Tekelec's bumpy ride continues as it announces job losses at its Switching Solutions Group in Plano, Texas

June 22, 2006

3 Min Read
Job Cuts Prolong Tekelec's Tech Wreck

With an annual base salary of $550,000, Tekelec 's newish CEO Frank Plastina pockets a handsome pay check each month. But given the signaling and switching vendor's turbulent 2006, you could argue he's having to earn every penny. (See Tekelec Names CEO.)

Plastina's latest move is to cut 60 staff, mostly from its Switching Solutions Group based in Plano, Texas, in an effort to get its costs under control. (See Tekelec Cuts Headcount.)

The redundancies will cost the company $3.4 million in charges, which will be recorded in the current quarter ending June 30. Tekelec estimates the move will reduce its annual operating costs by between $8 million and $8.5 million, nearly three percent of its 2005 operating expenses of $328 million.

The news comes only days after the company announced an executive reshuffle, including the resignations of its chief marketing officer and senior VP of operations. It also comes less than three months after Tekelec named a new president of the Switching Solutions Group after the previous incumbent quit. (See Tekelec Shuffles Execs, Tekelec Names Prez, and Tekelec President Quits.)

It's been a testing year for Tekelec, during which it has been dogged by accounting difficulties that resulted in a delisting threat from Nasdaq . (See Tekelec Delays Q1, Tekelec Gets Nasdaq Notice, and Tekelec Delays Results.)

It also took a significant financial hit related to its Taqua softswitching business. (See Tekelec Taqua Saga Drags On.)

And in the past month the company has experienced a dramatic slide in its valuation. Tekelec's share price may have closed up 47 cents, more than 4 percent, Wednesday at $11.70, giving it a market value of $786 million, but its stock value has fallen more than 18 percent in the past month, from a price of $14.36 on May 22. During that time the company restated its financial results from 2003, 2004, and 2005. (See Tekelec Files Q4, Restates.)

And, according to Jefferies & Co. Inc. analyst George Notter, the switching business is set to get even tougher. In a recent research note, Notter stated that "the competitive environment in switching appears to be getting incrementally more difficult for Tekelec," as prices continue to fall and as some incumbent vendors have become "more aggressive in bundling existing circuit switching gear with VoIP media gateway deals."

But Notter sees some positives, too, as he reckons Tekelec's OEM relationship with Alcatel (NYSE: ALA; Paris: CGEP:PA) is stable despite problems at Cingular Wireless . (See Alcatel, Tekelec Extend Deal and Tekelec Takes a Hit on Cingular.)

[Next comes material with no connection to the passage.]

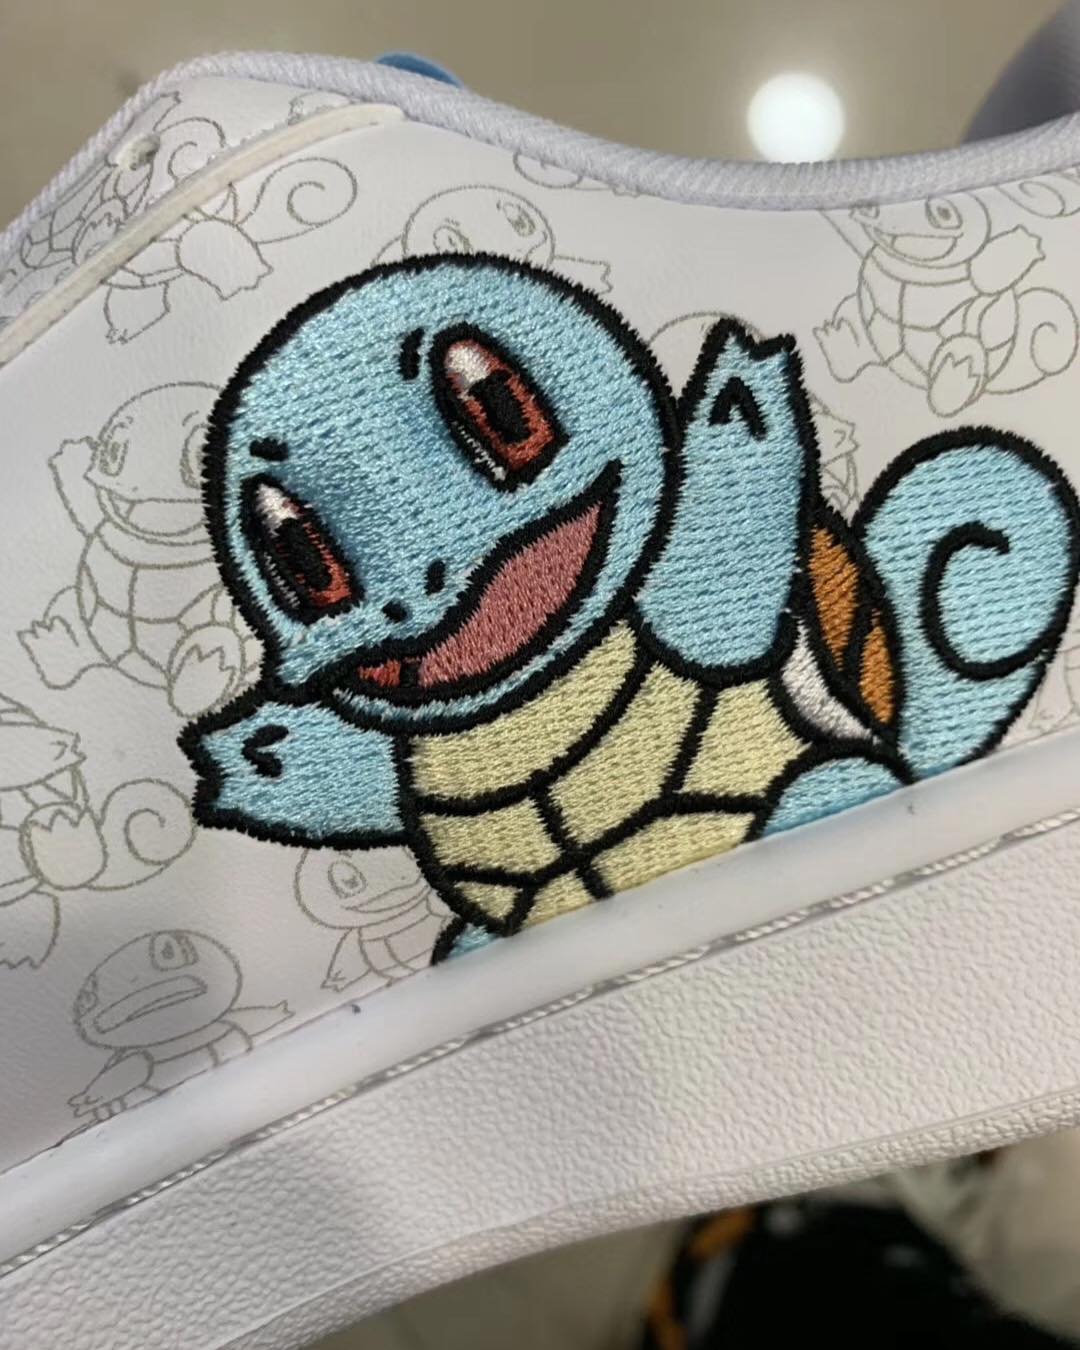 Pokemon x Adidas Collaboration 'Squirtle' (Lateral)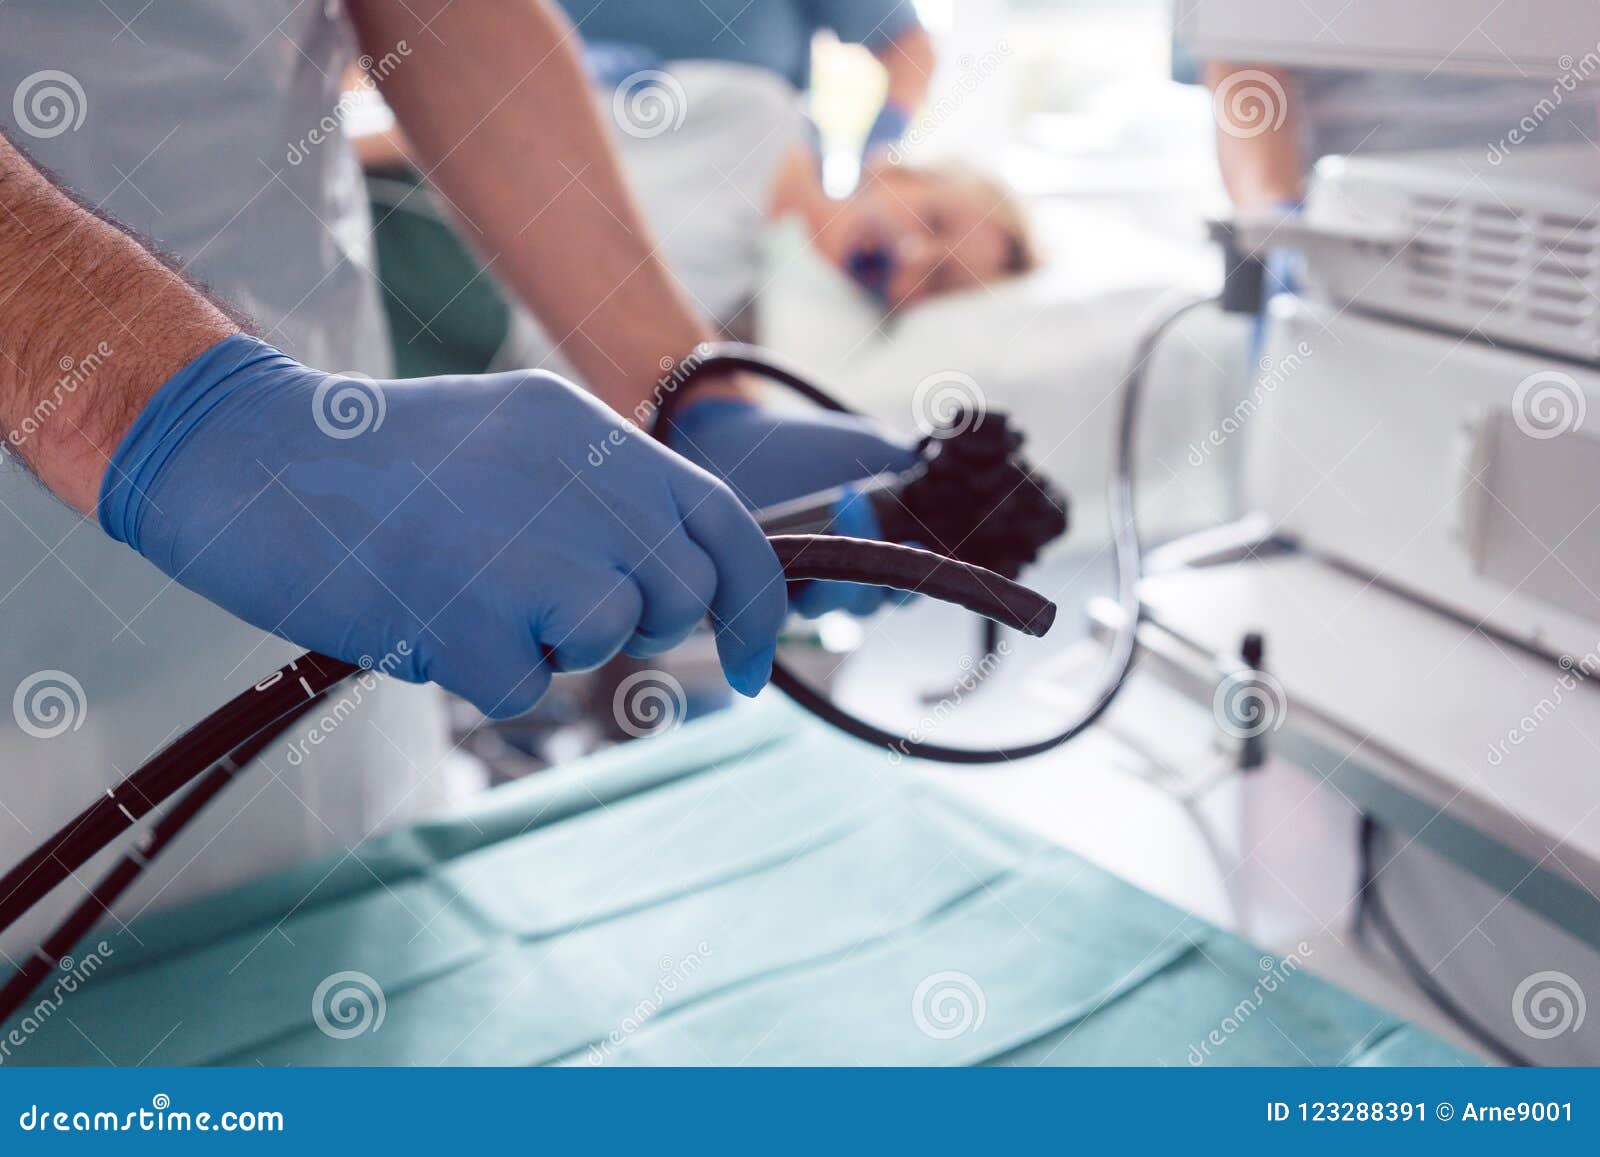 internist doctors during stomach examination

"In the wake of the recent Cingular debacle, Alcatel has fixed its issues with the Spatial softswitch. We understand that the OEM is back working customer opportunities with the combined Tekelec/Spatial product solution. This view – that the Cingular problems were a unique situation and won't spread to other accounts – is reinforced through our recent conversations with industry contacts," writes Notter.

The analyst is also positive about Plastina's management approach, noting that the vendor is "also working to more selectively identify profitable account opportunities."